Frequentist Consistency of Bayesian Procedures

27 Feb 2017 16:30

"Bayesian consistency" is usually taken to mean showing that, under Bayesian updating, the posterior probability concentrates on the true model. That is, for every (measurable) set of hypotheses containing the truth, the posterior probability goes to 1. (In practice one shows that the posterior probability of any set not containing the truth goes to zero.) There is a basic result here, due to Doob, which essentially says that the Bayesian learner is consistent, except on a set of data of prior probability zero. That is, the Bayesian is subjectively certain they will converge on the truth. This is not as reassuring as one might wish, and showing Bayesian consistency under the true distribution is harder. In fact, it usually involves assumptions under which non-Bayes procedures will also converge. These are things like the existence of very powerful consistent hypothesis tests (an approach favored by Ghosal, van der Vaart, et al., supposedly going back to Le Cam), or, inspired by learning theory, constraints on the effective size of the hypothesis space which are gradually relaxed as the sample size grows (as in Barron et al.).

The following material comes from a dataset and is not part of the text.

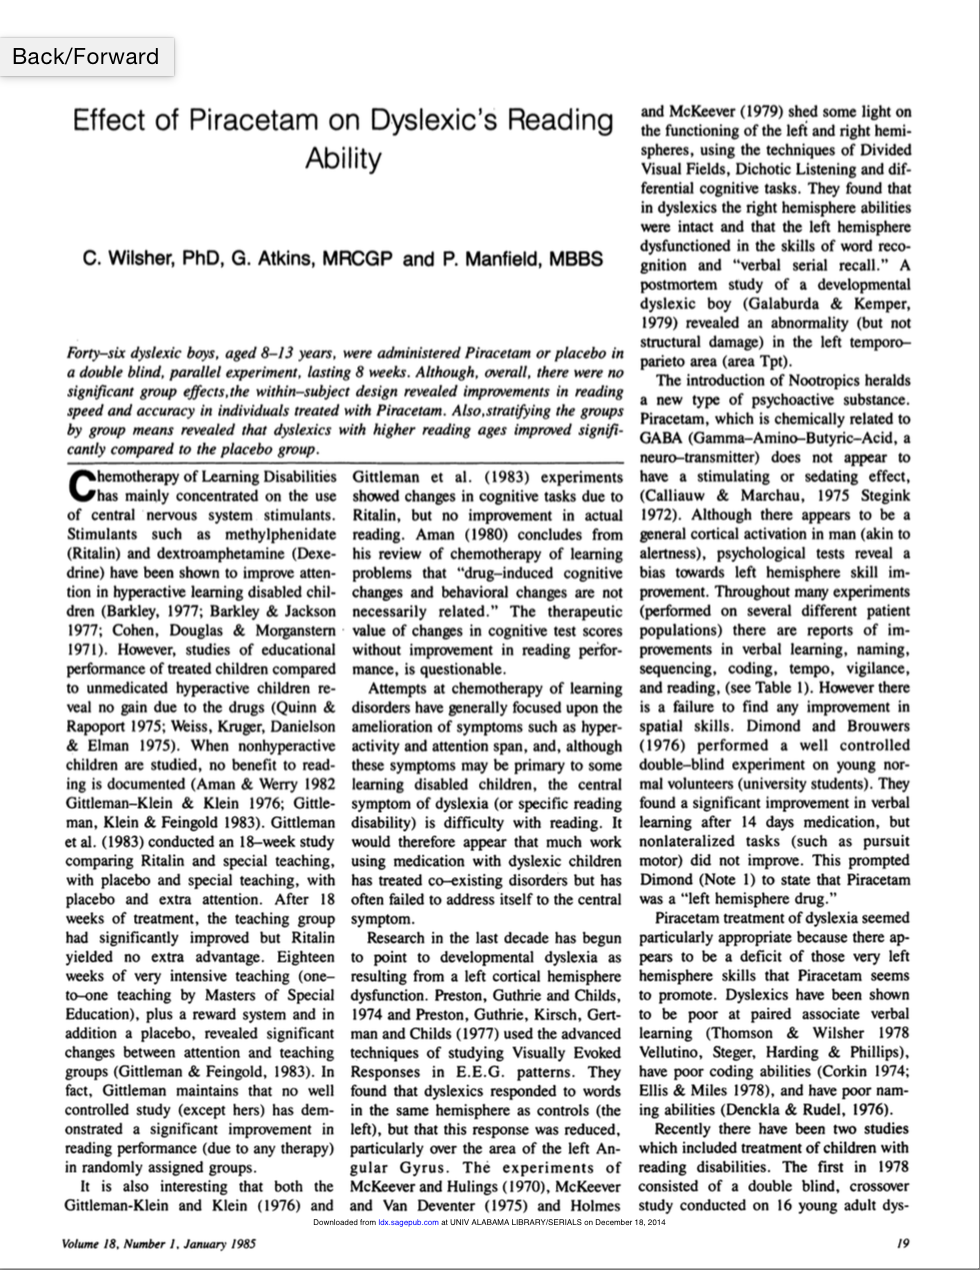 Effect of Piracetam on Dyslexic's Reading Ability

If these assumptions do not hold, one can construct situations in which Bayesian procedures are inconsistent.

Concentration of the posterior around the truth is only a preliminary. One would also want to know that, say, the posterior mean converges, or even better that the predictive distribution converges. For many finite-dimensional problems, what's called the "Bernstein-von Mises theorem" basically says that the posterior mean and the maximum likelihood estimate converge, so if one works the other will too. This breaks down for infinite-dimensional problems.

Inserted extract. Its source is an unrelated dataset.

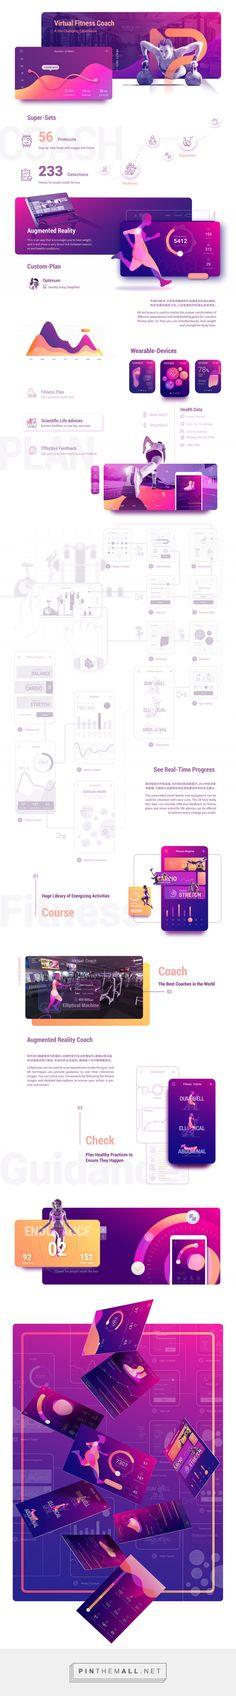 AR Virtual Fitness Coach App | AR 虚拟健身教练 on Behance - created via https://pinthemall.net

(PAC-Bayesian results don't fit into this picture particularly neatly. Essentially, they say that if you find a set of classifiers which all classify correctly in-sample, and ask about the average out-of-sample performance, the bounds on the latter are tighter for big sets than for small ones. This is for the unmysterious reason that it takes a bigger coincidence for many bad classification rules to happen to all work on the training data than for a few bad rules to get lucky. The actual Bayesian machinery of posterior updating doesn't really come into play, at least not in the papers I've seen.)

I believe I have contributed a Result to this area, on what happens when the data are dependent and all the models are mis-specified, but some are more mis-specified than others. This turns on realizing that Bayesian updating is just a special case of evolutionary search, i.e., an infinite-dimensional stochastic replicator equation.

Query: are there any situations where Bayesian methods are consistent but no non-Bayesian method is? (My recollection is that John Earman, in Bayes or Bust, provides a negative answer, but I forget how.)